#### INFORMATION SUPPLIED
'''
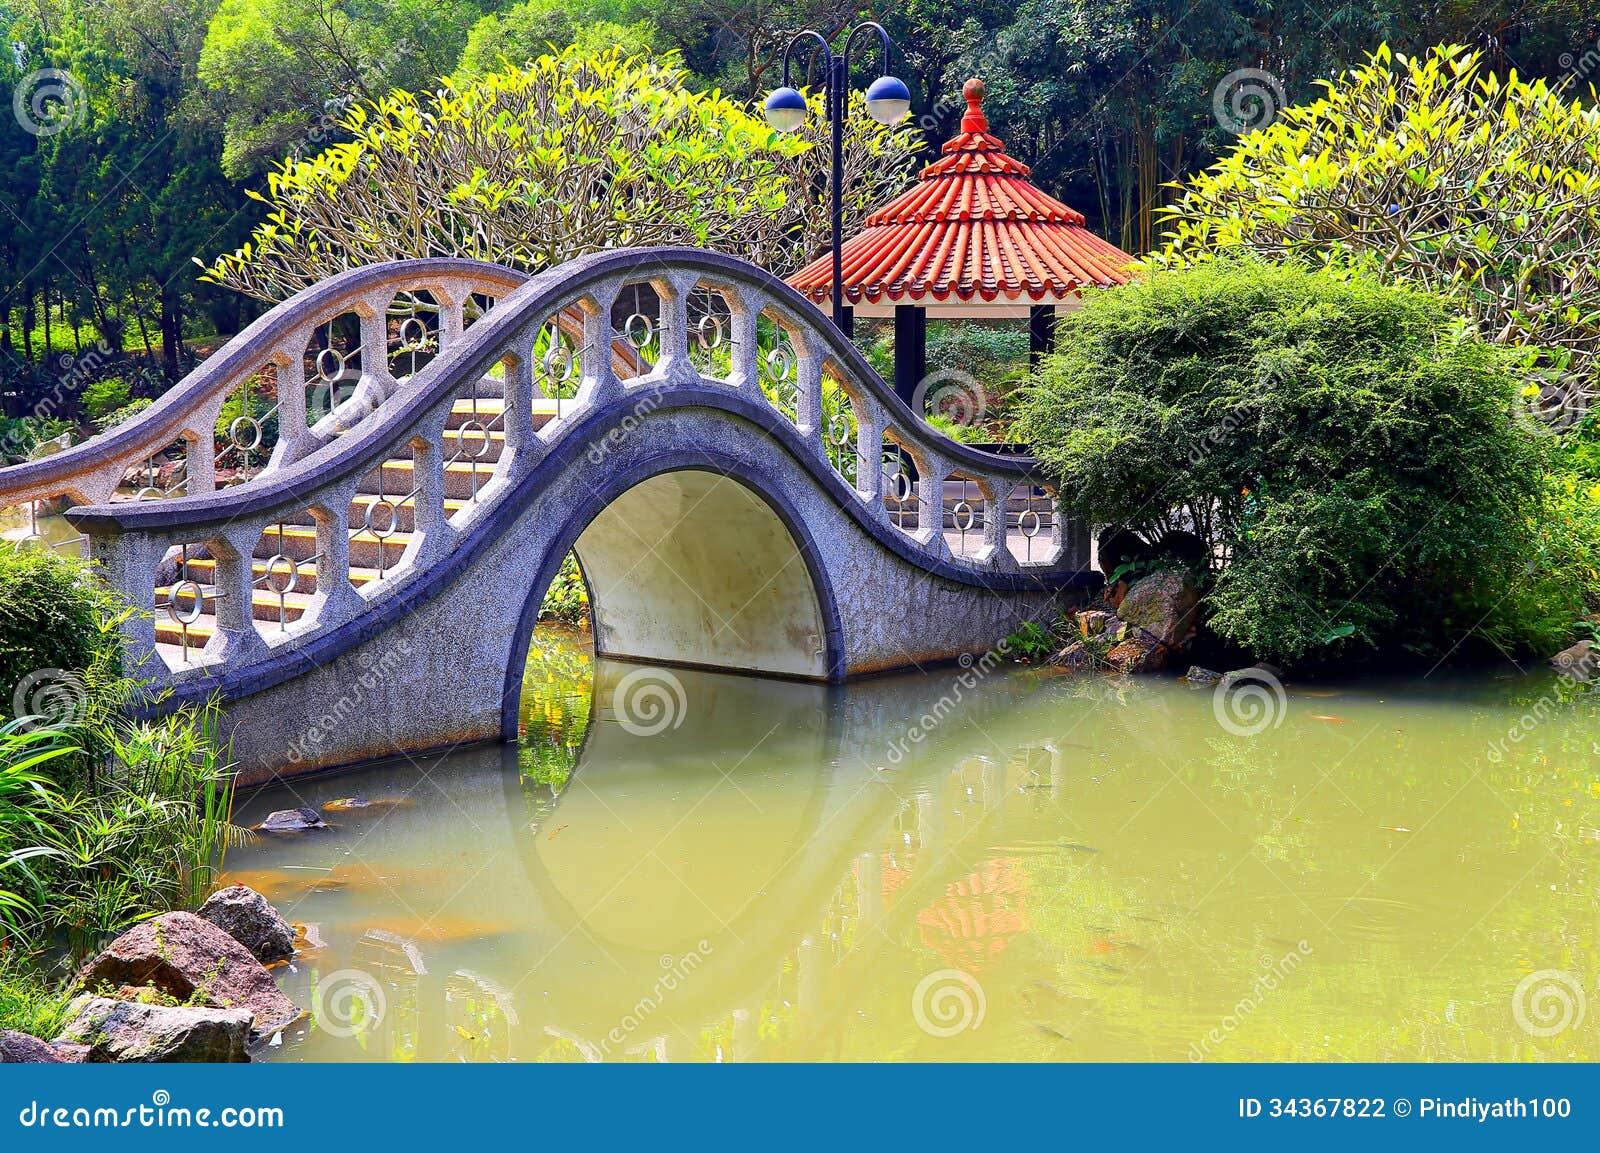 Zen garden with arch shape bridge stock photo image for Zen garden bridge
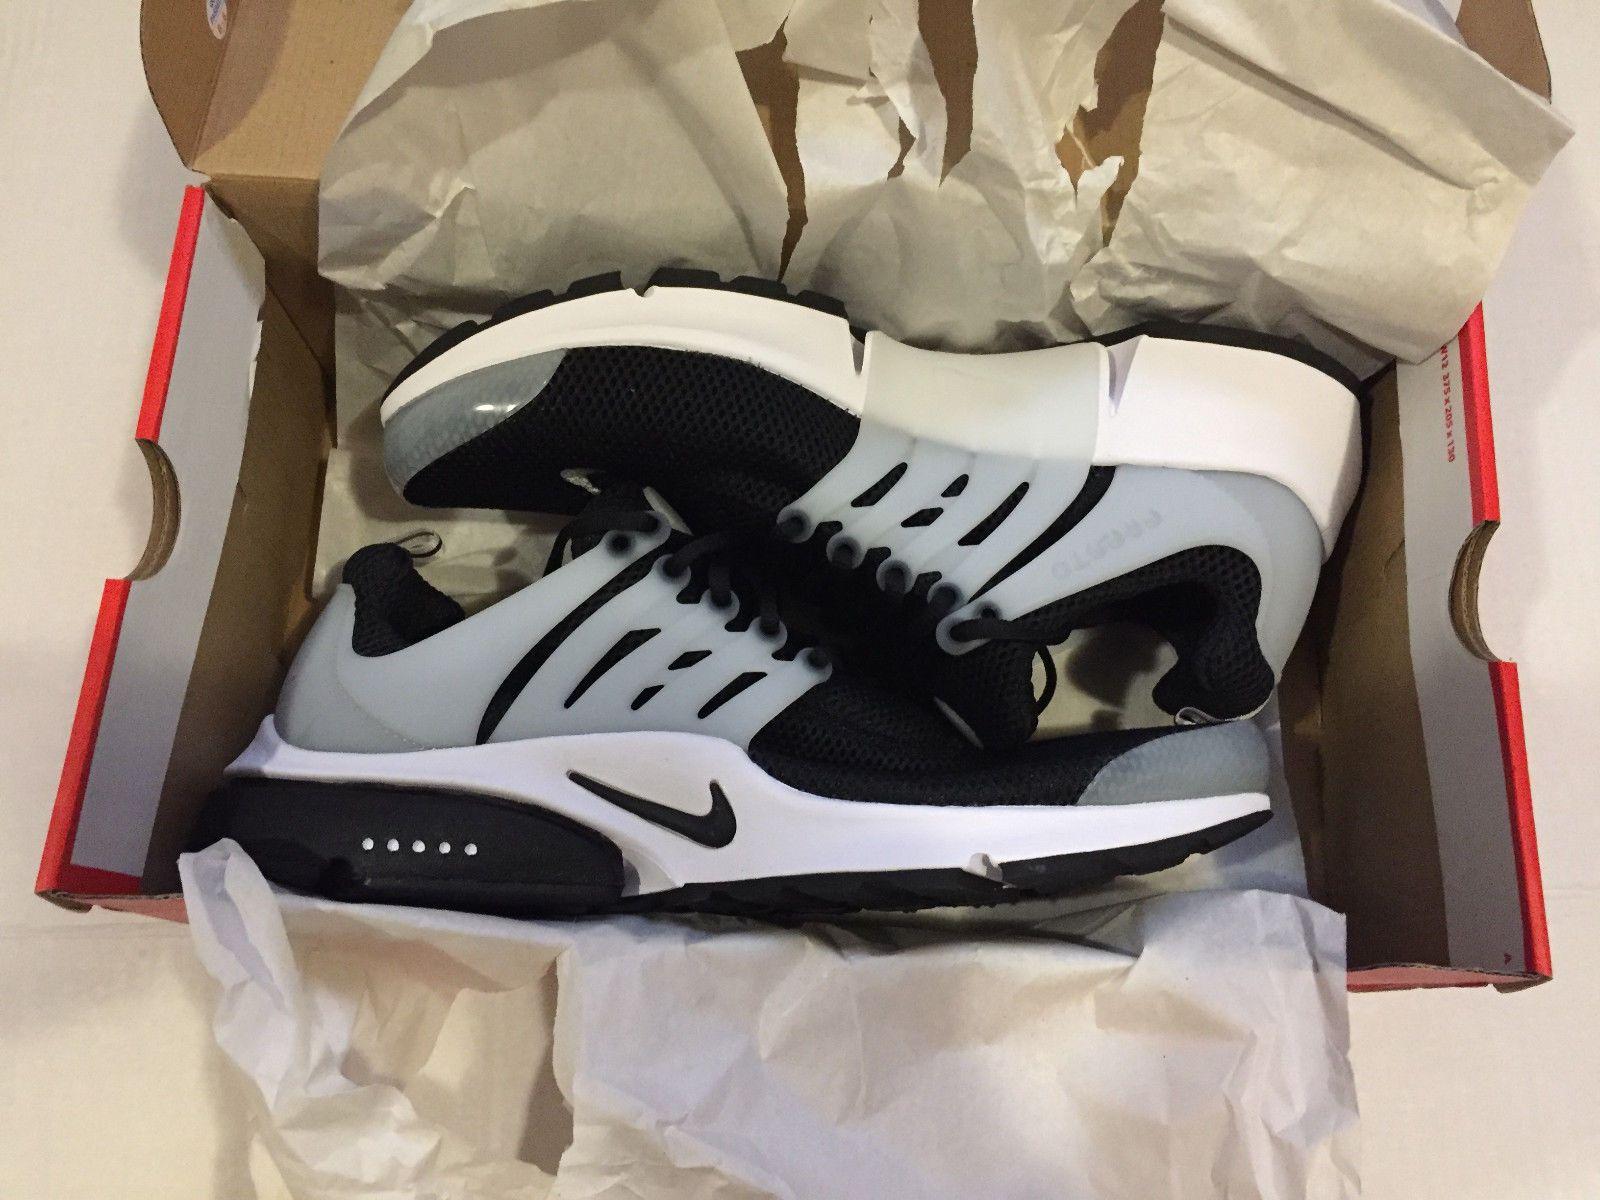 pretty nice 5240a c76a3 Nike Air Presto - Black Black-White-Neutral Grey Size 13 - New - 848132 010    Men s Shoes   Pinterest   Nike air presto black, Shoes and Nike air
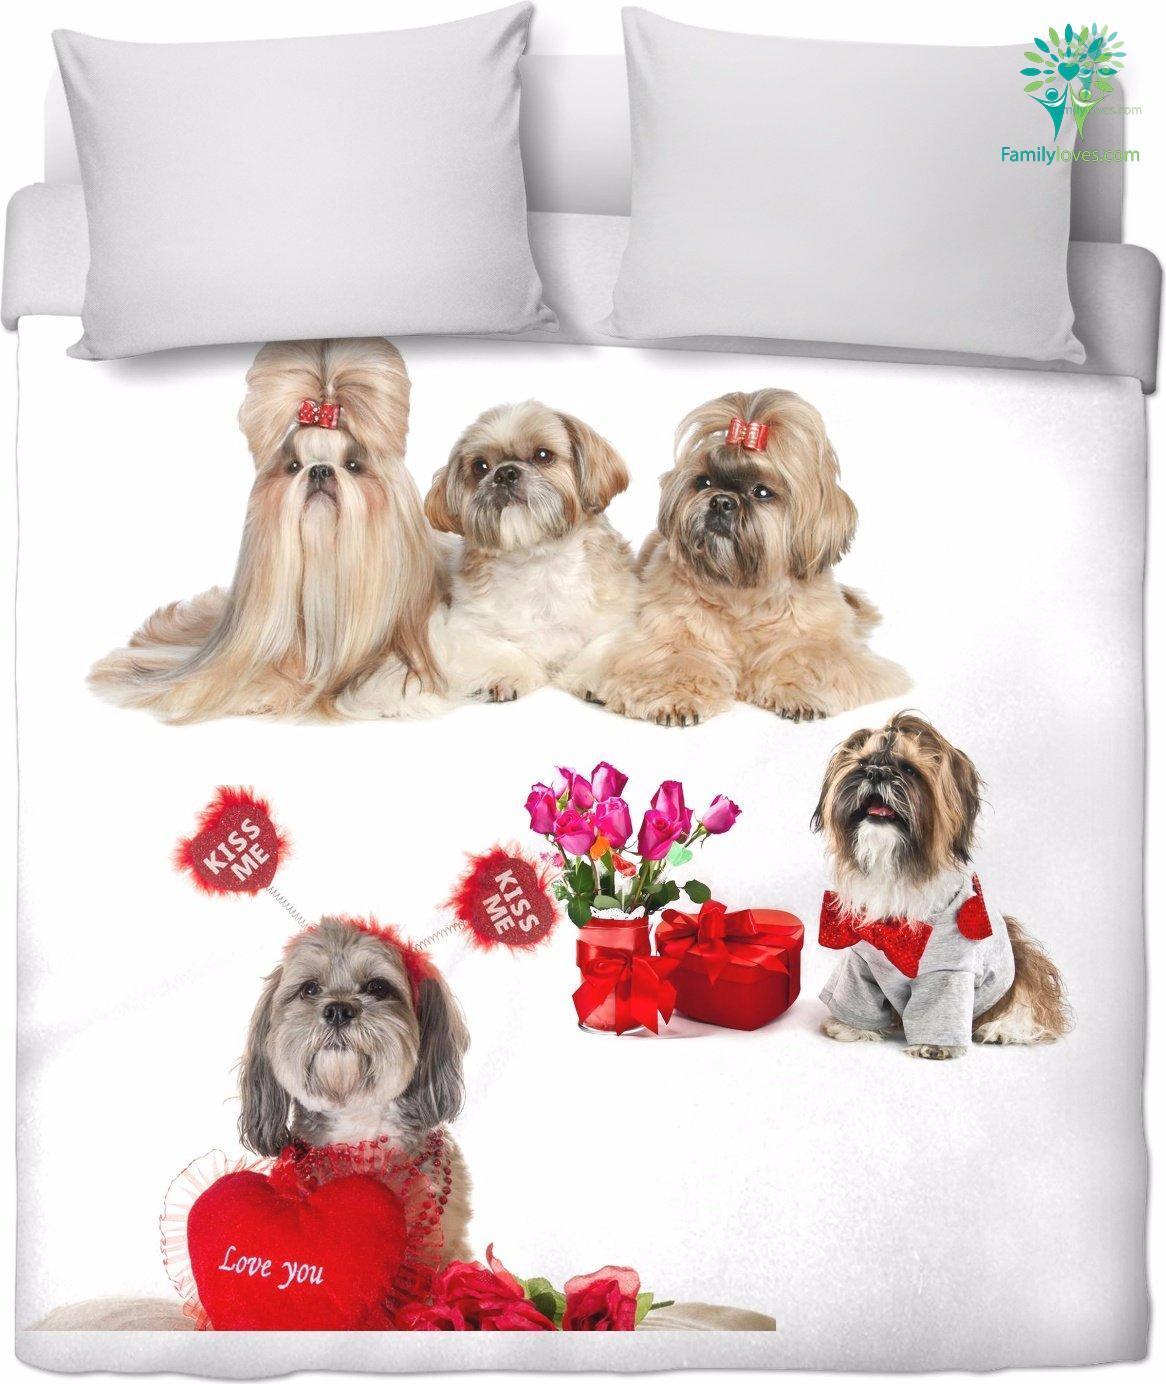 Shih tzu bedding sheet duvet cover handmade and made on-demand Familyloves.com
'''
#### TASK BRIEF
Restate word for word the lines above that start at the line containing "pretty nice 5240a" and run to the end of the listing; exclude the pictures.

#### TASK ANSWER
 pretty nice 5240a c76a3 Nike Air Presto - Black Black-White-Neutral Grey Size 13 - New - 848132 010    Men s Shoes   Pinterest   Nike air presto black, Shoes and Nike air
 Shih tzu bedding sheet duvet cover handmade and made on-demand Familyloves.com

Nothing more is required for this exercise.